# Stoeger Cougar 8040 Review (videos)



## bambam8745 (Dec 15, 2009)

hey guys, thought i'd put this up for those who are interested in buying a new 40 S&W on a budget. my father owns and carries the Beretta 8045 and has done so for the last 11 years. being that his was a reliable firearm, i went ahead and traded up my Smith & Wesson M&P9 for one of these babies. i was really impressed with this gun. in fact, once i get my classes taken care of, this will be my EDC. i have two videos here, the review and a video of me putting a few rounds down range in my back yard. enjoy! :smt023

review:


----------



## PilotAlso (Jan 2, 2009)

still love my Cougar

3000 rnds without a single failure to fire, even with my reloads

I picked up a CrossBreed SuperTuck IWB holster.
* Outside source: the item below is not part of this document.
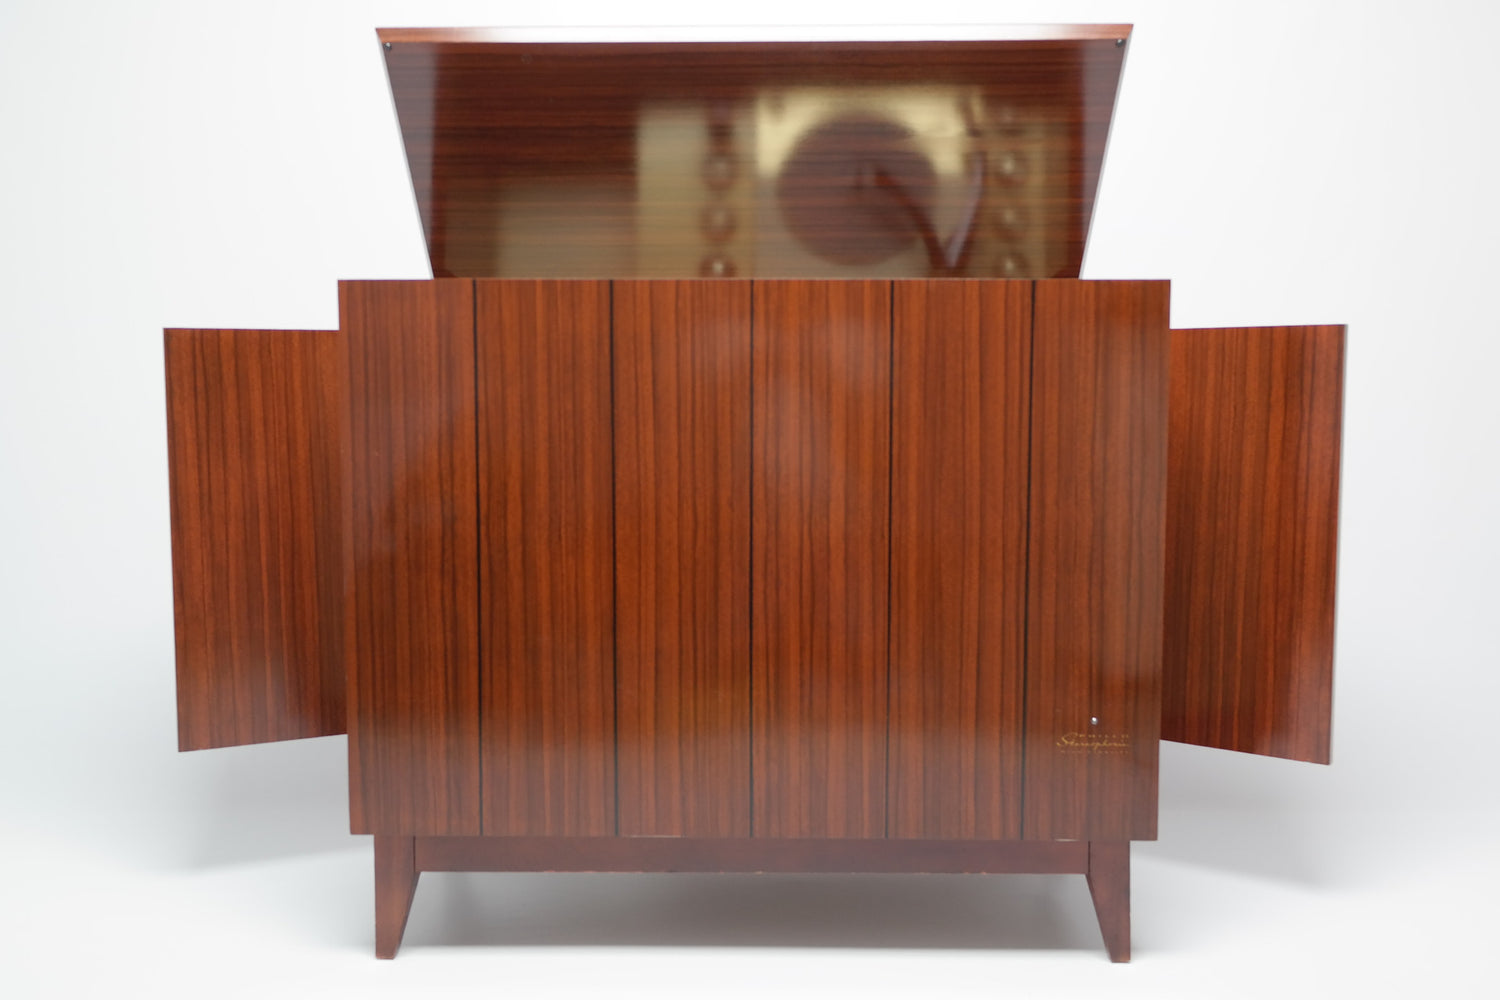 Mid Century Philco Stereo Console Record Player - Bluetooth Dual Tube Amplifers The Vintedge Co.

It fits the weapon perfect.


----------



## bambam8745 (Dec 15, 2009)

PilotAlso said:


> still love my Cougar
> 
> 3000 rnds without a single failure to fire, even with my reloads
> 
> I picked up a CrossBreed SuperTuck IWB holster. It fits the weapon perfect.


it is a very well made gun, mine just hit 800 rounds yesterday and no jams or FTF's. also put a box of Winchester PDX1 165gr. through it and worked flawlessly, nasty little rounds them PDX1's.


----------



## cougartex (Jan 2, 2010)

I just bought a Stoeger Cougar 9mm today, great gun for the price.
:smt1099


----------



## island18 (Mar 17, 2010)

Hard to conceal? I wish they will make the mini


----------



## cougartex (Jan 2, 2010)

The Stoeger Cougar is not that hard to conceal.


----------